Nothing in the records should differ when they are repeated. Restate them word for word.

§ DATA FOR THIS TASK
══════
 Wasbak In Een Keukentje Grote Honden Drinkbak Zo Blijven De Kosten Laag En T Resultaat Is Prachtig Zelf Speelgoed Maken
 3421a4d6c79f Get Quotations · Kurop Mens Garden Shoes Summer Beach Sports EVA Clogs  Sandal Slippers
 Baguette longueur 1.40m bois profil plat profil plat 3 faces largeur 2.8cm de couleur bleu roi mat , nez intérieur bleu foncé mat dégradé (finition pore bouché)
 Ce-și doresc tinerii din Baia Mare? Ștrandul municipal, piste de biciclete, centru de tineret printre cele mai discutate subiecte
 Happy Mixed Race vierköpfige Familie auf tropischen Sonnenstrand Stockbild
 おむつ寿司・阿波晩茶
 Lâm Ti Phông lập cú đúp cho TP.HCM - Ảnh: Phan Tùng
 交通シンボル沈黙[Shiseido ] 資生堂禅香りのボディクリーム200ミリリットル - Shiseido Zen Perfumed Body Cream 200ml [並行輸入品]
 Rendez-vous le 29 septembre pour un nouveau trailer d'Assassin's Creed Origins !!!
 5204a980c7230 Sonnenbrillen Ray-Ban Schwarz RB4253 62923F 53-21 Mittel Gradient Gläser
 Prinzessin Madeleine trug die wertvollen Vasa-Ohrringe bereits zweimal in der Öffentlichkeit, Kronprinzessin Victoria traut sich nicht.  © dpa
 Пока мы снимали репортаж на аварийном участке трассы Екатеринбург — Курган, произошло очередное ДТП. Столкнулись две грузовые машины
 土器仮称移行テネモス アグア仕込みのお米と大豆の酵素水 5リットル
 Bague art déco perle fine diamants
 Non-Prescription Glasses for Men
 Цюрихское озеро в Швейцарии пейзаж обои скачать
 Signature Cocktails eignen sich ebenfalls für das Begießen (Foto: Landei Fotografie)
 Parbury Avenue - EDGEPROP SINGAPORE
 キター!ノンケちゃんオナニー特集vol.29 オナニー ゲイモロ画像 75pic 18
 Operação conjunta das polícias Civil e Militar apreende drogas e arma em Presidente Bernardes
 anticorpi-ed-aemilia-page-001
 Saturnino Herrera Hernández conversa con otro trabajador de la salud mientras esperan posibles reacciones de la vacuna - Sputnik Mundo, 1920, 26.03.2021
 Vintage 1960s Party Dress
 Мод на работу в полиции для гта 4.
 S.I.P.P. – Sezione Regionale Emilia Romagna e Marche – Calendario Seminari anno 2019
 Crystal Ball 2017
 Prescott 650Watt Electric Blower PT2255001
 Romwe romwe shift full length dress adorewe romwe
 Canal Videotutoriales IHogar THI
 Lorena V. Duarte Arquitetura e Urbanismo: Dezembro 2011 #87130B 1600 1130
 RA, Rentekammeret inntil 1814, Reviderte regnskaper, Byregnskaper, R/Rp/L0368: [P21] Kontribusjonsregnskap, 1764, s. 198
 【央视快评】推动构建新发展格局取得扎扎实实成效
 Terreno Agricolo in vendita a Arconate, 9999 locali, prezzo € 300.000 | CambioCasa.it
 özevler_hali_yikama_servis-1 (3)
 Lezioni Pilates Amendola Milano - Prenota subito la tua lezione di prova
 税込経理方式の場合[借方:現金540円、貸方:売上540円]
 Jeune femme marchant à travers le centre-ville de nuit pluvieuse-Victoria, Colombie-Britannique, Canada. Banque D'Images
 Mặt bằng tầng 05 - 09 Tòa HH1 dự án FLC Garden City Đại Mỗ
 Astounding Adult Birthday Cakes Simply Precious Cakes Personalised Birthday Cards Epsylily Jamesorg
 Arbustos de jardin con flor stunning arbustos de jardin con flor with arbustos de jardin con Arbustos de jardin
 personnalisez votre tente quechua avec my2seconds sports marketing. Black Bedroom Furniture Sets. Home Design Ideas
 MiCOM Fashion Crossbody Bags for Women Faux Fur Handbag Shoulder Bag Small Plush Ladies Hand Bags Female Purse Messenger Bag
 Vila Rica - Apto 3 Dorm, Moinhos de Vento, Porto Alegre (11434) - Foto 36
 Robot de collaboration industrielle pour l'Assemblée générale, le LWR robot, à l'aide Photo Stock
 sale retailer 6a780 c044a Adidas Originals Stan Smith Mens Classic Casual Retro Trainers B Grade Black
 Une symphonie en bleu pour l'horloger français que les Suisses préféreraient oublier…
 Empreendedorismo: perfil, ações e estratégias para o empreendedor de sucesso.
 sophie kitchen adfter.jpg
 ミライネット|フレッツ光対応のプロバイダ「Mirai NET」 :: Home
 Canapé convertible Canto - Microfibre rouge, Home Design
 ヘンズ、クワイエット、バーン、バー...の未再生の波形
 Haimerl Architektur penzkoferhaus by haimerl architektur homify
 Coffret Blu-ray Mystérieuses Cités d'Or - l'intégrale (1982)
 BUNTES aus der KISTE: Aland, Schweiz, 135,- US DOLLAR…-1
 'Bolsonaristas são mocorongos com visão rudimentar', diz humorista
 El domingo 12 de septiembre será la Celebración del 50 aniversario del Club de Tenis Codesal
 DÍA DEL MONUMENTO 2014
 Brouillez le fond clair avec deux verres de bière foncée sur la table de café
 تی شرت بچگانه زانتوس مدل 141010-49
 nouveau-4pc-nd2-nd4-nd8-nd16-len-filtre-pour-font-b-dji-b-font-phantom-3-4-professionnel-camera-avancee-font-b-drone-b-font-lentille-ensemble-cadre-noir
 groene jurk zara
══════
§ TASK OUTPUT
 Wasbak In Een Keukentje Grote Honden Drinkbak Zo Blijven De Kosten Laag En T Resultaat Is Prachtig Zelf Speelgoed Maken
 3421a4d6c79f Get Quotations · Kurop Mens Garden Shoes Summer Beach Sports EVA Clogs  Sandal Slippers
 Baguette longueur 1.40m bois profil plat profil plat 3 faces largeur 2.8cm de couleur bleu roi mat , nez intérieur bleu foncé mat dégradé (finition pore bouché)
 Ce-și doresc tinerii din Baia Mare? Ștrandul municipal, piste de biciclete, centru de tineret printre cele mai discutate subiecte
 Happy Mixed Race vierköpfige Familie auf tropischen Sonnenstrand Stockbild
 おむつ寿司・阿波晩茶
 Lâm Ti Phông lập cú đúp cho TP.HCM - Ảnh: Phan Tùng
 交通シンボル沈黙[Shiseido ] 資生堂禅香りのボディクリーム200ミリリットル - Shiseido Zen Perfumed Body Cream 200ml [並行輸入品]
 Rendez-vous le 29 septembre pour un nouveau trailer d'Assassin's Creed Origins !!!
 5204a980c7230 Sonnenbrillen Ray-Ban Schwarz RB4253 62923F 53-21 Mittel Gradient Gläser
 Prinzessin Madeleine trug die wertvollen Vasa-Ohrringe bereits zweimal in der Öffentlichkeit, Kronprinzessin Victoria traut sich nicht.  © dpa
 Пока мы снимали репортаж на аварийном участке трассы Екатеринбург — Курган, произошло очередное ДТП. Столкнулись две грузовые машины
 土器仮称移行テネモス アグア仕込みのお米と大豆の酵素水 5リットル
 Bague art déco perle fine diamants
 Non-Prescription Glasses for Men
 Цюрихское озеро в Швейцарии пейзаж обои скачать
 Signature Cocktails eignen sich ebenfalls für das Begießen (Foto: Landei Fotografie)
 Parbury Avenue - EDGEPROP SINGAPORE
 キター!ノンケちゃんオナニー特集vol.29 オナニー ゲイモロ画像 75pic 18
 Operação conjunta das polícias Civil e Militar apreende drogas e arma em Presidente Bernardes
 anticorpi-ed-aemilia-page-001
 Saturnino Herrera Hernández conversa con otro trabajador de la salud mientras esperan posibles reacciones de la vacuna - Sputnik Mundo, 1920, 26.03.2021
 Vintage 1960s Party Dress
 Мод на работу в полиции для гта 4.
 S.I.P.P. – Sezione Regionale Emilia Romagna e Marche – Calendario Seminari anno 2019
 Crystal Ball 2017
 Prescott 650Watt Electric Blower PT2255001
 Romwe romwe shift full length dress adorewe romwe
 Canal Videotutoriales IHogar THI
 Lorena V. Duarte Arquitetura e Urbanismo: Dezembro 2011 #87130B 1600 1130
 RA, Rentekammeret inntil 1814, Reviderte regnskaper, Byregnskaper, R/Rp/L0368: [P21] Kontribusjonsregnskap, 1764, s. 198
 【央视快评】推动构建新发展格局取得扎扎实实成效
 Terreno Agricolo in vendita a Arconate, 9999 locali, prezzo € 300.000 | CambioCasa.it
 özevler_hali_yikama_servis-1 (3)
 Lezioni Pilates Amendola Milano - Prenota subito la tua lezione di prova
 税込経理方式の場合[借方:現金540円、貸方:売上540円]
 Jeune femme marchant à travers le centre-ville de nuit pluvieuse-Victoria, Colombie-Britannique, Canada. Banque D'Images
 Mặt bằng tầng 05 - 09 Tòa HH1 dự án FLC Garden City Đại Mỗ
 Astounding Adult Birthday Cakes Simply Precious Cakes Personalised Birthday Cards Epsylily Jamesorg
 Arbustos de jardin con flor stunning arbustos de jardin con flor with arbustos de jardin con Arbustos de jardin
 personnalisez votre tente quechua avec my2seconds sports marketing. Black Bedroom Furniture Sets. Home Design Ideas
 MiCOM Fashion Crossbody Bags for Women Faux Fur Handbag Shoulder Bag Small Plush Ladies Hand Bags Female Purse Messenger Bag
 Vila Rica - Apto 3 Dorm, Moinhos de Vento, Porto Alegre (11434) - Foto 36
 Robot de collaboration industrielle pour l'Assemblée générale, le LWR robot, à l'aide Photo Stock
 sale retailer 6a780 c044a Adidas Originals Stan Smith Mens Classic Casual Retro Trainers B Grade Black
 Une symphonie en bleu pour l'horloger français que les Suisses préféreraient oublier…
 Empreendedorismo: perfil, ações e estratégias para o empreendedor de sucesso.
 sophie kitchen adfter.jpg
 ミライネット|フレッツ光対応のプロバイダ「Mirai NET」 :: Home
 Canapé convertible Canto - Microfibre rouge, Home Design
 ヘンズ、クワイエット、バーン、バー...の未再生の波形
 Haimerl Architektur penzkoferhaus by haimerl architektur homify
 Coffret Blu-ray Mystérieuses Cités d'Or - l'intégrale (1982)
 BUNTES aus der KISTE: Aland, Schweiz, 135,- US DOLLAR…-1
 'Bolsonaristas são mocorongos com visão rudimentar', diz humorista
 El domingo 12 de septiembre será la Celebración del 50 aniversario del Club de Tenis Codesal
 DÍA DEL MONUMENTO 2014
 Brouillez le fond clair avec deux verres de bière foncée sur la table de café
 تی شرت بچگانه زانتوس مدل 141010-49
 nouveau-4pc-nd2-nd4-nd8-nd16-len-filtre-pour-font-b-dji-b-font-phantom-3-4-professionnel-camera-avancee-font-b-drone-b-font-lentille-ensemble-cadre-noir
 groene jurk zara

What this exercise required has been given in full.